To select part of row, you can also use iloc[idenx of row,:], also rows can be selected using the logical values

CHT.iloc[2:10]
CHT.iloc[2:10,:]
CHT[CHT.iloc[:,1]<34]

To retieve part of row, should pass boolean variable, .iloc does not work with the boolean variable, and .loc should be used.

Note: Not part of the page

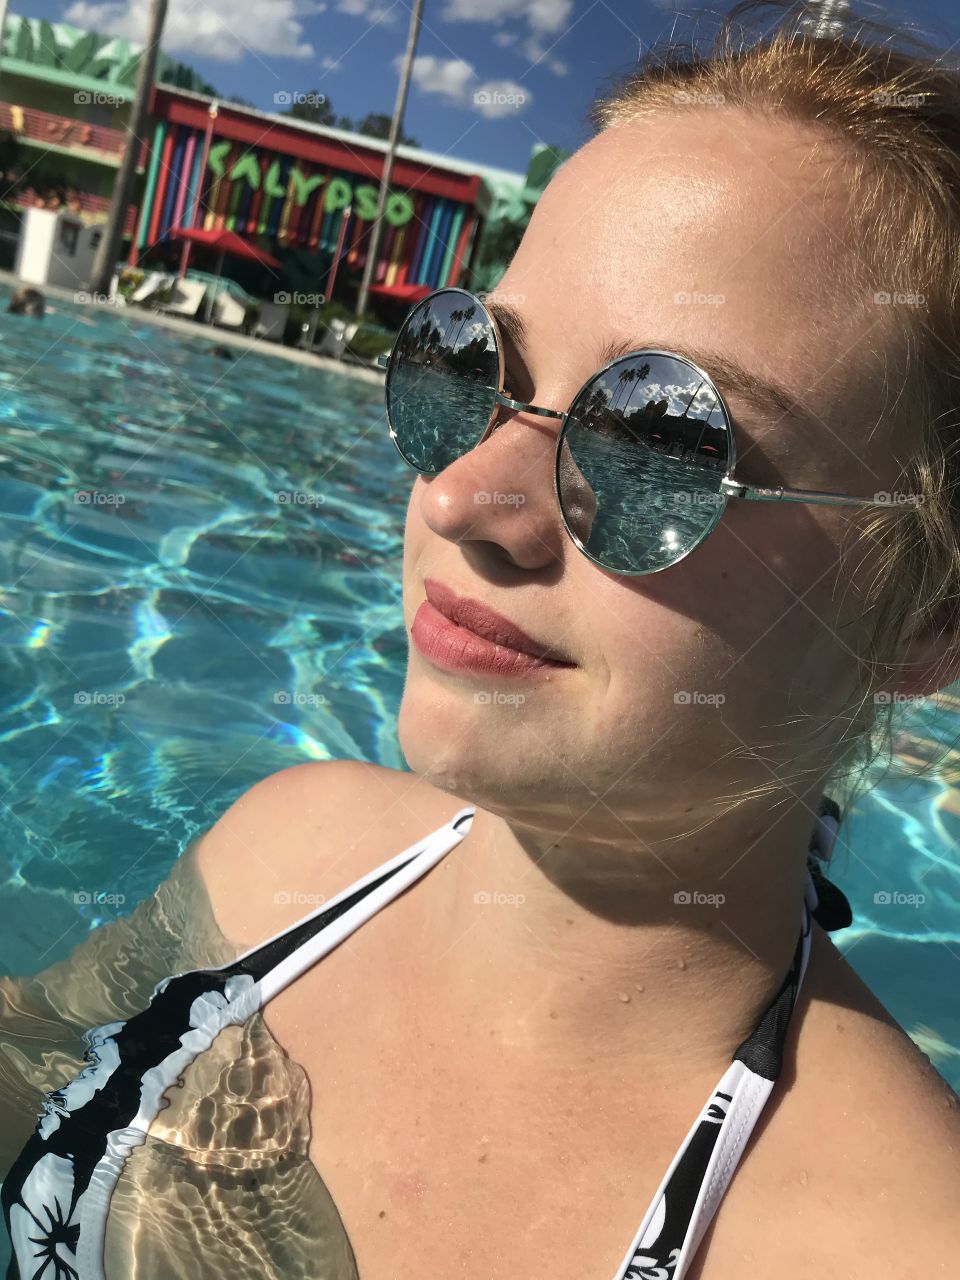 June fun in the pool
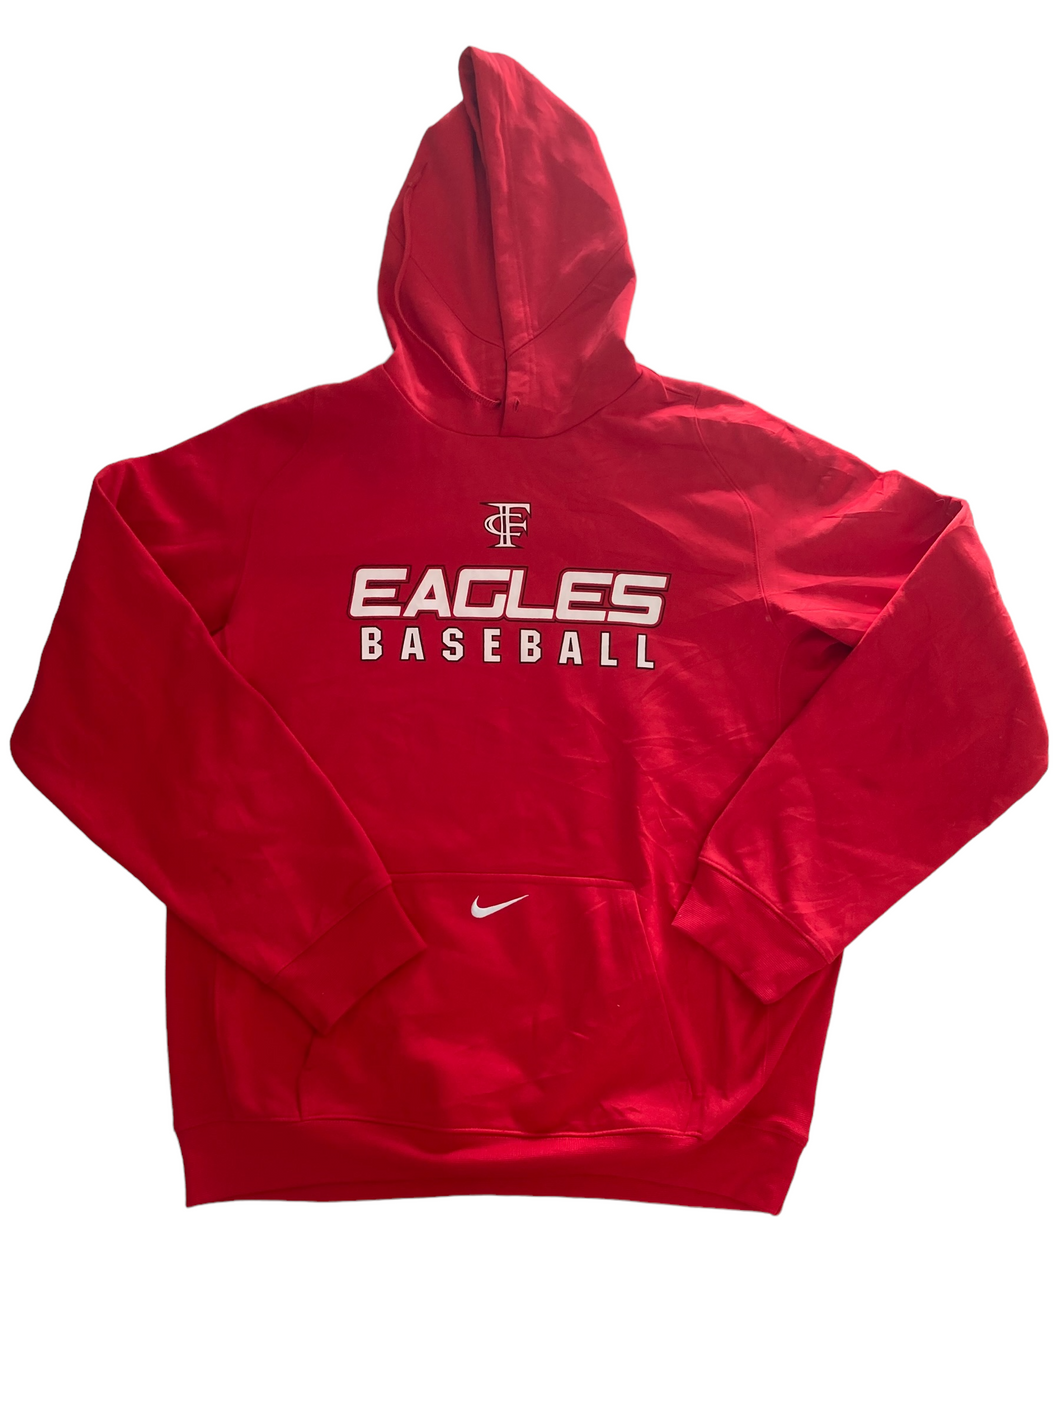 CF nike eagles baseball hoodie

Consider the median_income in our data, by using quartile divide it into three categories.

CHT['famlev'] = ''
C1=CHT.median_income<=CHT.median_income.quantile(.3)
C2=CHT.median_income>=CHT.median_income.quantile(.7)
CHT.loc[C1,'famlev']='L'
CHT.loc[~C1&~C2,'famlev']='M'
CHT.loc[C2,'famlev']='H'

In this case we used .loc, obviously we specify column labels to retrieve columns instead of by position. Note: You can also using [][] apply different conditions on data.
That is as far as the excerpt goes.